Neptune-Crypto / neptune-core

anonymous peer-to-peer cash
Apache License 2.0
25 stars 7 forks source link

Mutator Sets: Merkleize the entire SWBF #71

Closed aszepieniec closed 3 months ago

aszepieniec commented 10 months ago

The current Mutator Set design conflates two things that are conceptually distinct. Both of them are referred to by the name "active window".

  1. The sliding window, which is the interval in the infinite bit array in which a given addition record defines $k$ locations. The sliding window is different for each batch of $b$ addition records.
  2. The plain, which is the tailing portion of the sliding window Bloom filter (SWBF) that is represented explicitly and not compressed with a Merkle mountain range.

The reason why the the current sliding window was represented explicitly by the MutatorSetAccumulator is the implicit assumption that most transactions spend relatively new UTXOs. As a consequence, a lot of work related to the Merkle mountain range can be saved by not Merkleizing the tail where most of the activity is expected to happen. This is an assumption though; future data might or might not bear it out. And even if it does, it is by no means clear that the optimal portion of the SWBF to be represented explicitly matches exactly with the current sliding window.

This issue entails rewriting the Mutator Set such that:

The realization that the tailing part of the SWBF might as well be Merkleized opens up intriguing lines of thought:

dan-da commented 10 months ago

From the point of view of the passive verifier, it reduces the cost. This allows for a larger active window, which (is necessary to support a larger batch size, which) increases anonymity.

Can you quantify how much it increases anonymity vs status quo?

aszepieniec commented 10 months ago

Every removal record (transaction input) gives the outside observer a fuzzy timestamp on the matching addition record (transaction output). This fuzzy timestamp identifies a range of plausible addition records. One way to quantify the anonymity is to look at the information entropy of the uniform distribution over this range. By this metric, an anonymity of 4 bits corresponds to a ring size of 16.

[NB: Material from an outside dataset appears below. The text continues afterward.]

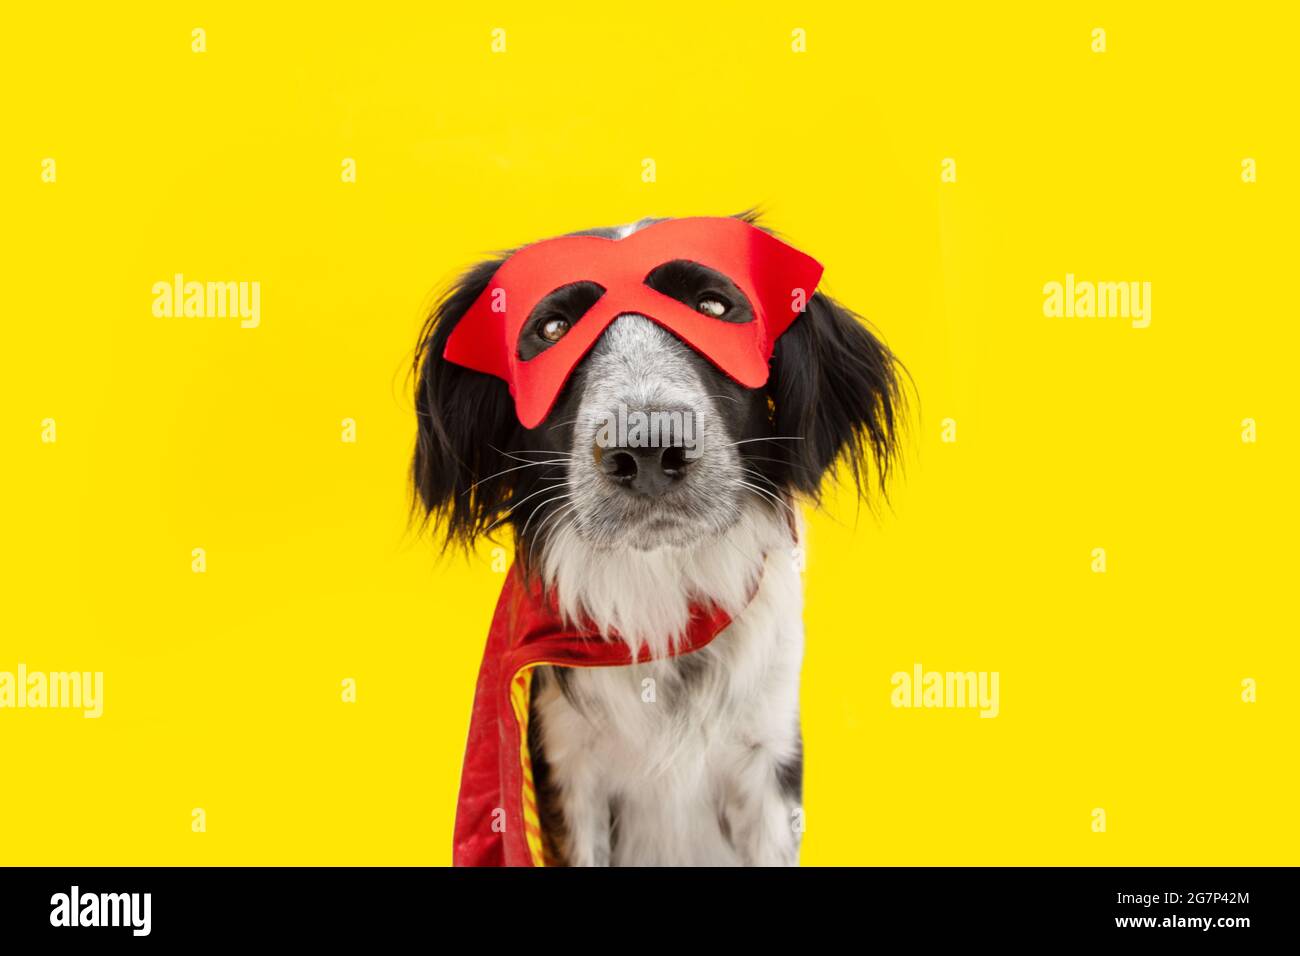 humedad Posada Repeler Perro carnaval o halloween vestido como un héroe con capa roja y máscara.  Aislado sobre fondo amarillo Fotografía de stock - Alamy

The current parameter set ($w = 2^{20}, s = 2^{12}, b = 2^3$, for window size, step size, and batch size, respectively) generates this graph, which captures the frequency with which a given entropy is observed. (Note that every removal record generates a probability distribution, and that two such probability distributions may have distinct entropies.)

image

It says that the minimum entropy is 3 (corresponding to batch size 8). However, on (geometric) average the entropy is slightly more than 5, corresponding to ring size 32.

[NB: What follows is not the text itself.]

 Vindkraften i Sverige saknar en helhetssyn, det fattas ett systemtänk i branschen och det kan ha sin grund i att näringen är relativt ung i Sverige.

If we multiply $w$, $s$, and $b$ by $2^t$, then the shape of the graph is identical and the only difference is that the horizontal axis has shifted to the left by $t$ steps.

If we multiply $w$ and $s$ by $2^t$ but not $b$ then the shape is similar but

aszepieniec commented 8 months ago

I'm starting on this task momentarily. This post tracks todos and status.

aszepieniec commented 8 months ago

I started implementing this on branch aszepieniec/71_merkleize_entire_swbf but am now reconsidering this refactor. The branch compiles, but the tests don't work. Unless there is a compelling argument to continue, I will be abandoning this branch.

The reason for second-guessing this refactor is that the interface of the Mutator Set needs to be amended. Previously, add took a mutator set accumulator and an addition record; now it takes a mutator set accumulator, a dictionary of chunks of the SWBF along with their membership proofs, and an addition record. But this dictionary is part of the information needed to apply the addition record, so at least conceptually it is part of the mutator set accumulator.

Phrased differently: we might as well replace the entire mutator set accumulator with its hash. In order to add or remove an item we would then need to supply its preimage, in addition to the addition record or removal record. Having to add include this preimage defeats the purpose of reducing it to a single hash, because you always need it.

As for the original motivation that led to this effort --

The reason why the the current sliding window was represented explicitly by the MutatorSetAccumulator is the implicit assumption that most transactions spend relatively new UTXOs. As a consequence, a lot of work related to the Merkle mountain range can be saved by not Merkleizing the tail where most of the activity is expected to happen. This is an assumption though; future data might or might not bear it out. And even if it does, it is by no means clear that the optimal portion of the SWBF to be represented explicitly matches exactly with the current sliding window.

-- I have to disagree: the reason why the current sliding window is part of the MutatorSetAccumulator is because you need this data to produce membership proofs. Recall that a mutator set membership proof contains a membership proof for every index showing that it lives in SWBF. If the index lives in the active window and the active window is represented explicitly, then this SWBF-membership-proof is empty. If the index lives in the inactive part, then this SWBF-membership-proof is an MMR membership proof. But the point is that currently, whenever an addition record is applied, all indices are guaranteed to live in the active window so the production of SWBF-membership-proofs is guaranteed to succeed without supplying supplementary witnesses. In the proposed refactor, you need to supply supplementary witnesses that defeat the purpose of Merkleization.

On top of that, managing these supplementary witnesses in a blockchain client, when they are not part of the block, is quite a hassle.